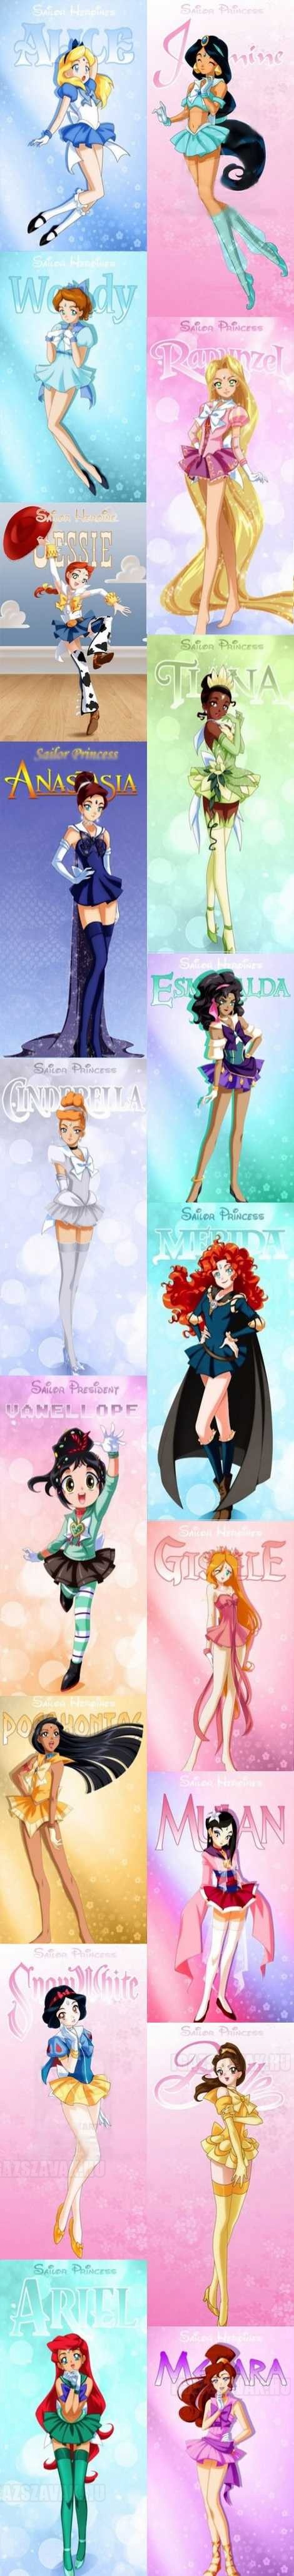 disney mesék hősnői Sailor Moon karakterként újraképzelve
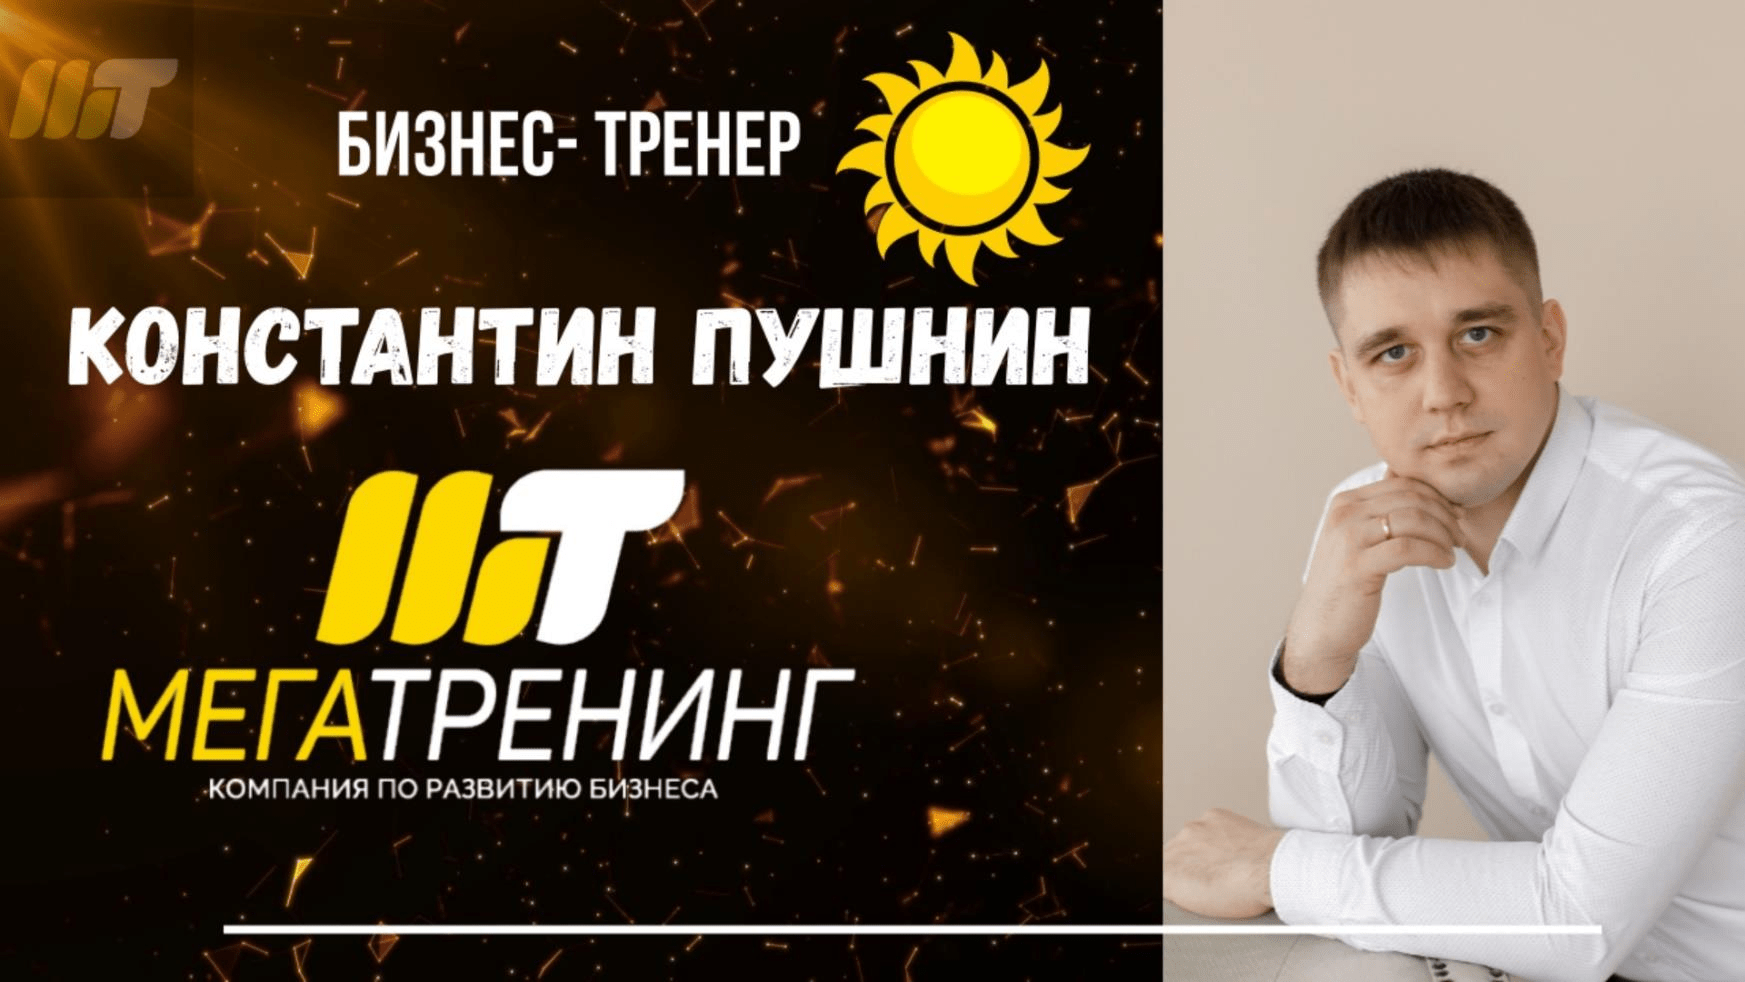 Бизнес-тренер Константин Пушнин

+ + + + +

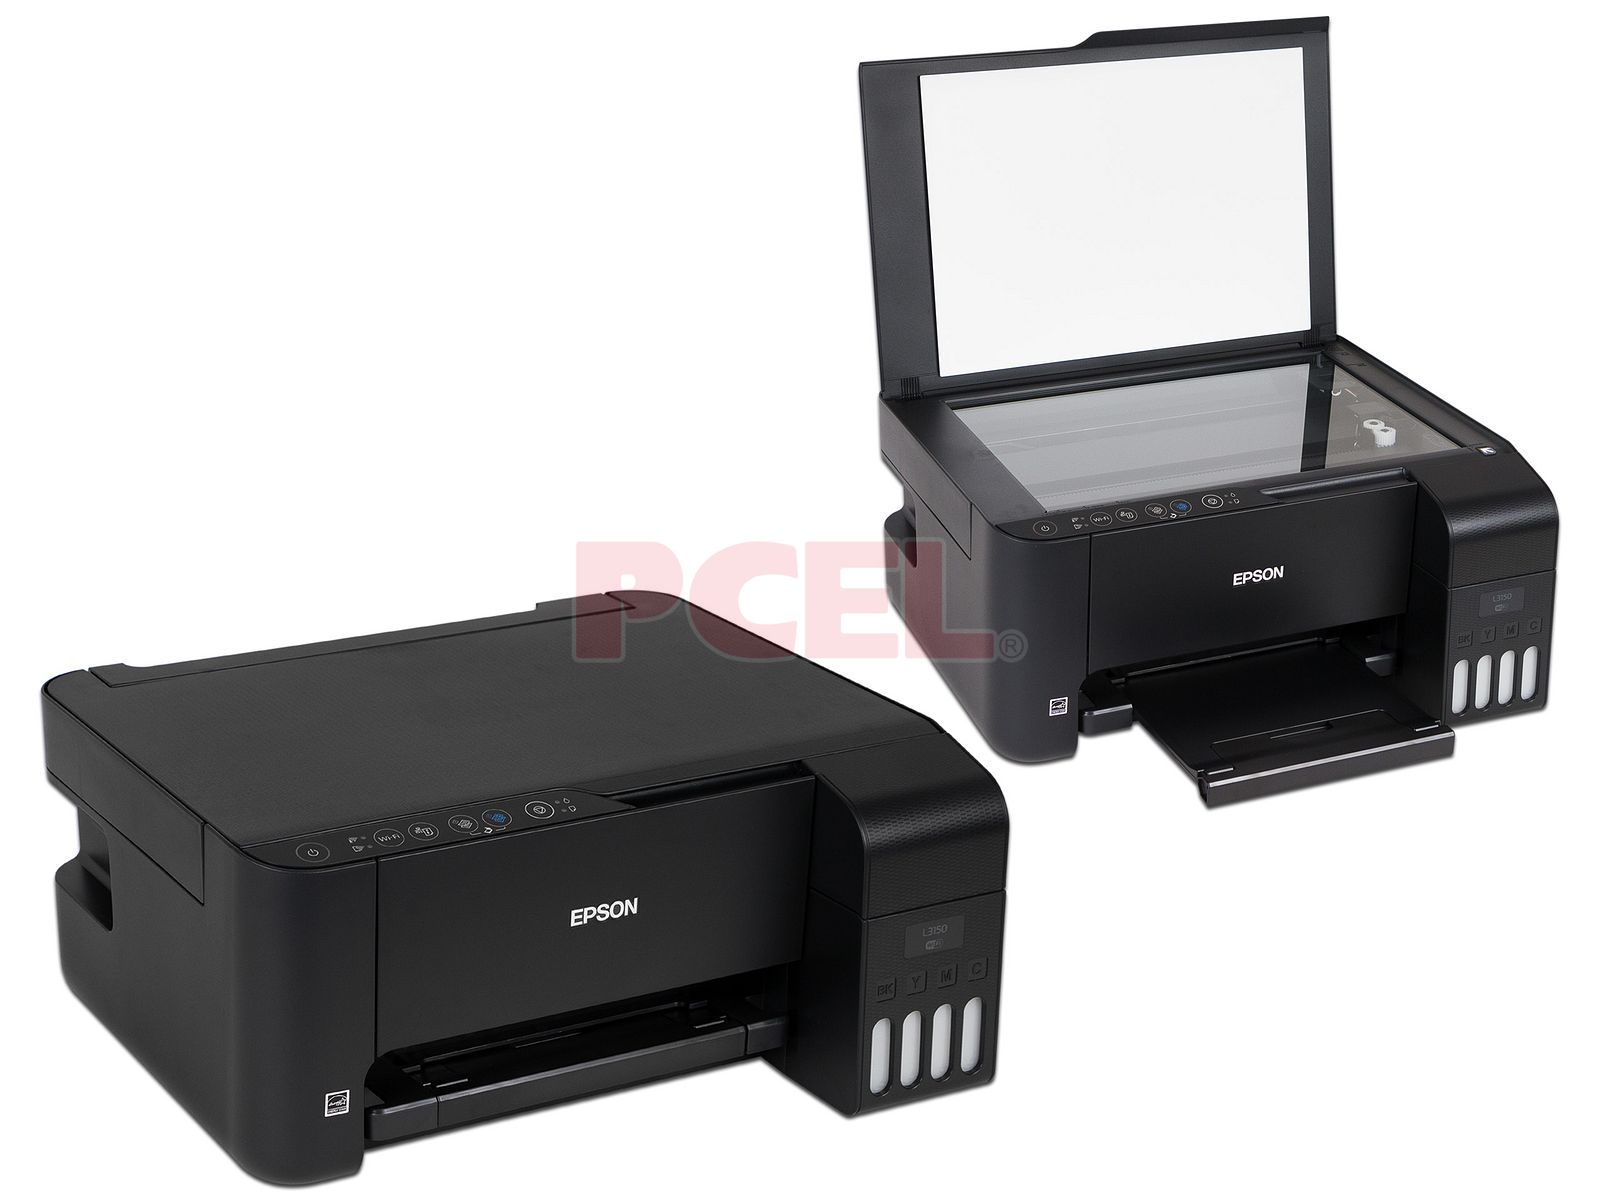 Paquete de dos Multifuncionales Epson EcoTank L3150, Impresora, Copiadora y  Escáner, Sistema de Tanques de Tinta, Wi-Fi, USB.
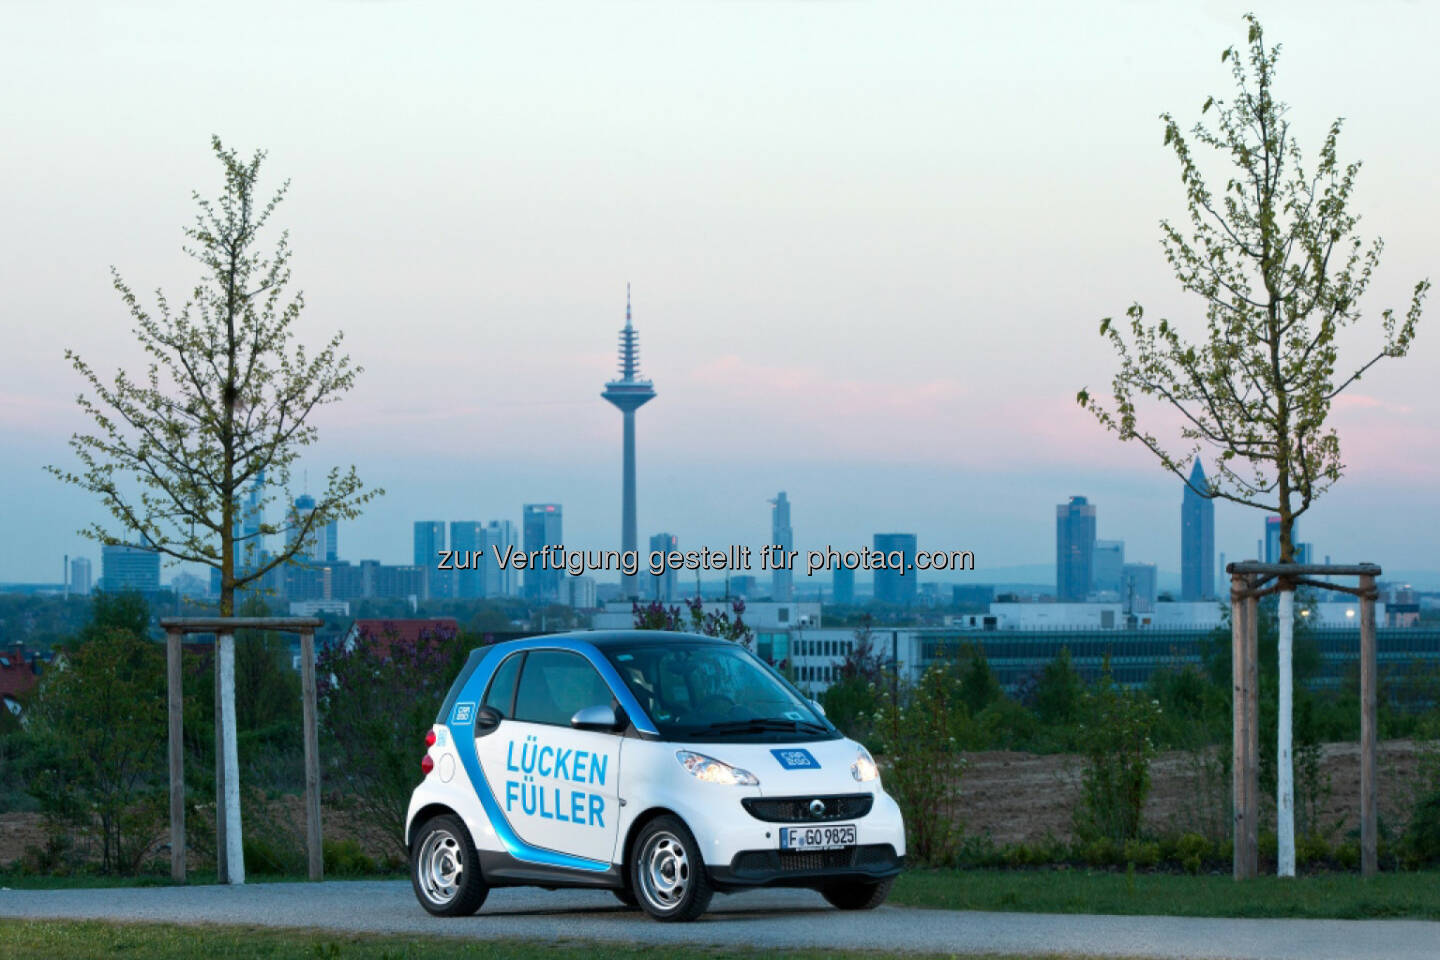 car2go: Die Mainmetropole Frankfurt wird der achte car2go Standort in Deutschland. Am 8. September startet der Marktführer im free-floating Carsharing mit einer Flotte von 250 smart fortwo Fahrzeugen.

+ + + + +

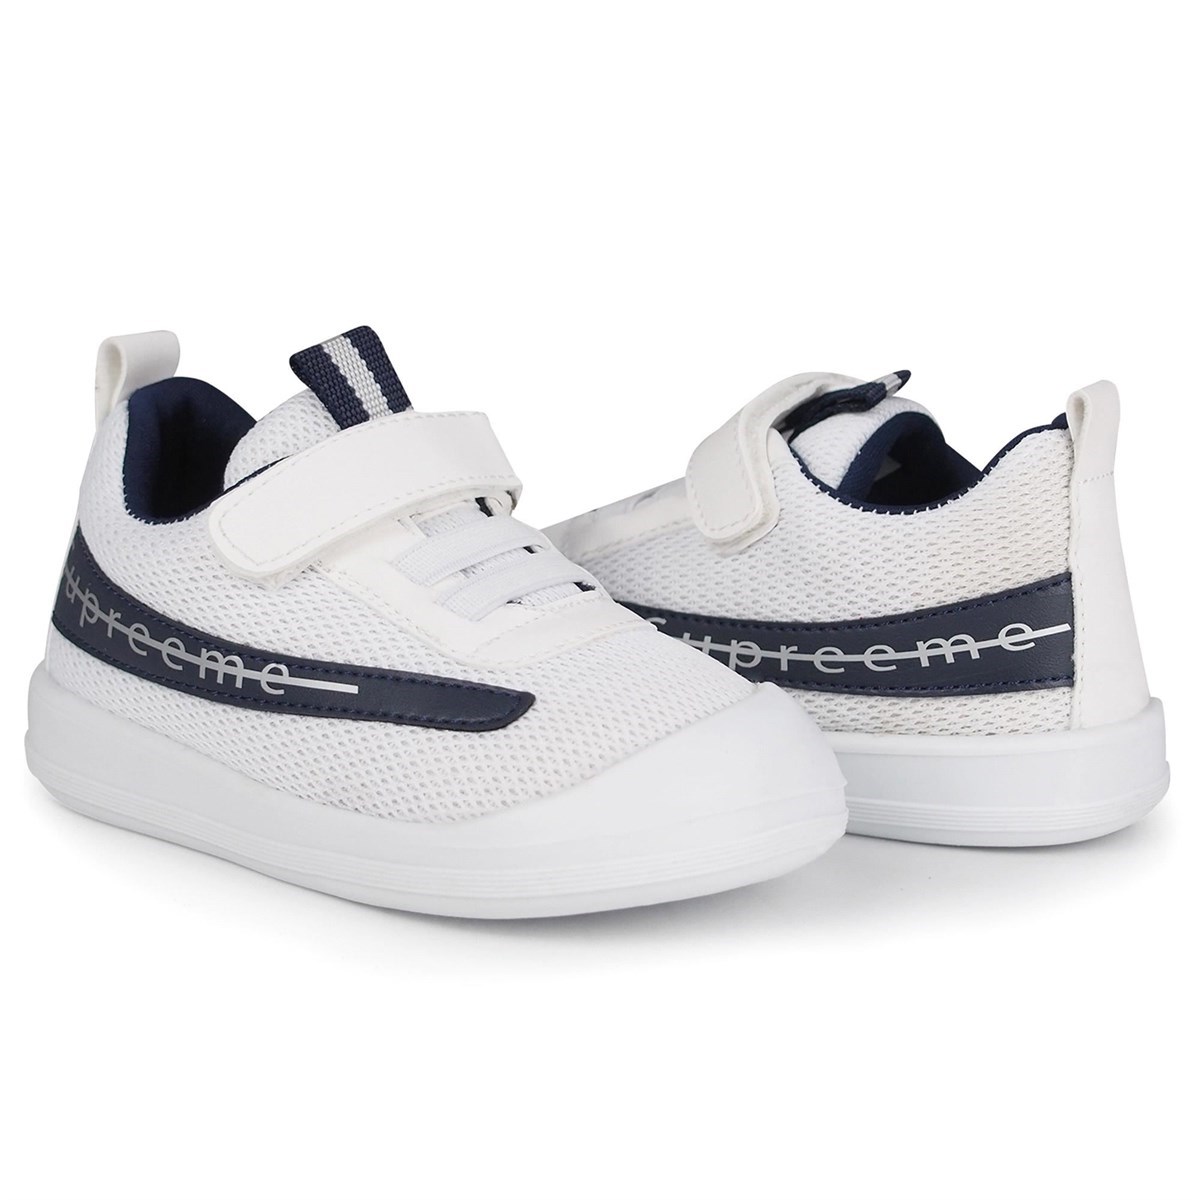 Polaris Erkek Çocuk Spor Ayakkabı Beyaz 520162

+ + + + +

TASK DETAILS
How would the lines above read from the one with "disney mesék hősnői" to the one with "Бизнес-тренер Константин Пушнин", inclusive, with no pictures? Write them out exactly.

EXERCISE SOLUTION
 disney mesék hősnői Sailor Moon karakterként újraképzelve
 Бизнес-тренер Константин Пушнин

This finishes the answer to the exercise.